5. 申請前に知っておくべき注意点と成功のコツ
注意点①:非常に人気が高く「早期終了・抽選」になる
本奨励金は全国的なカスハラ関心の高まりから申請が殺到する傾向があります。事前エントリー制が採用され、受付上限(数千件)を超えると受付締め切りや抽選になります。事前エントリー期間が始まったら初日に申請できるよう、書類準備とGビズIDの取得を先行して進めることが必須です。
注意点②:証拠書類(契約書・領収書・写真)の不備に注意
「マニュアルの完成版」「社外・社内へ周知した証拠画面(日付入り)」「購入・契約した機器の領収書や写真」など、各種証拠書類の日付や名義(法人名)が一致していないと審査落ちの原因となります。
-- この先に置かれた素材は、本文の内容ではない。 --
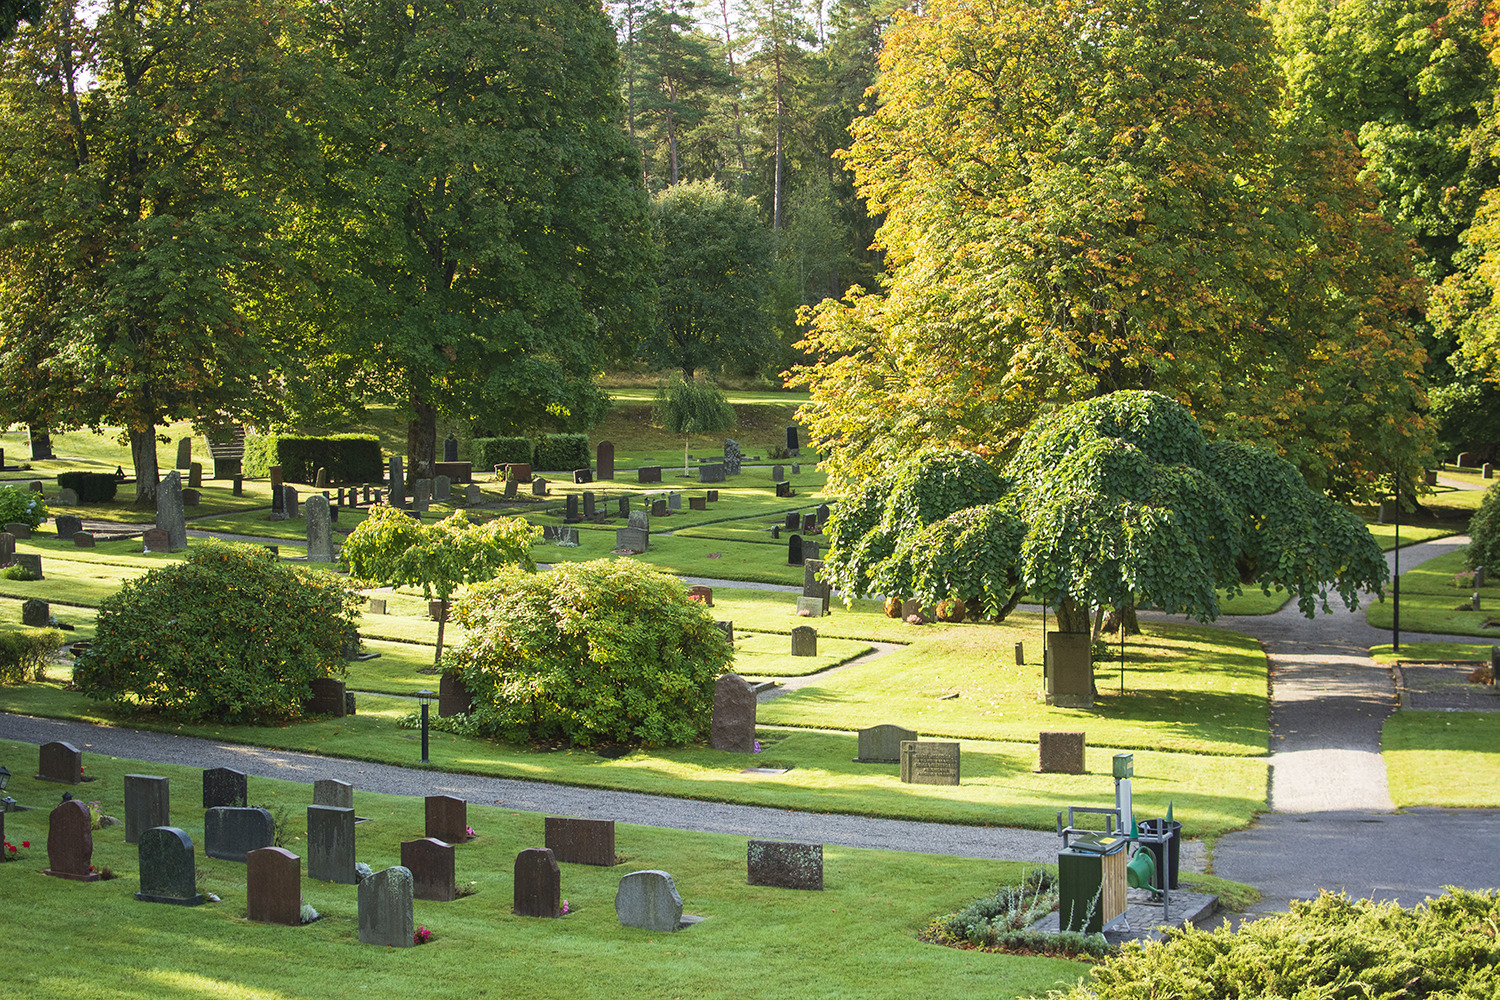 Gräsmattor med gravstenar och grusgångar mellan gravarna. Ett flertal stora träd och buskar syns också, bland annat en paraplyalm som är ett träd där trädkronan hänger som ett paraply över trädstammen.

6. まとめ:奨励金をフル活用して「義務化」をチャンスに変える
カスハラ対策は単なるコスト(費用)ではなく、「従業員の離職を防ぎ、採用力を高める投資」です。
都内の中小企業や個人事業主の方は、公的支援である「定額40万円奨励金」を活用することで、実質的な費用負担を大幅に抑えながら2026年10月の法定義務化をクリアできます。
まずは今すぐ、政府系アカウントである「GビズIDプライム」の発行手続きからスタートしましょう!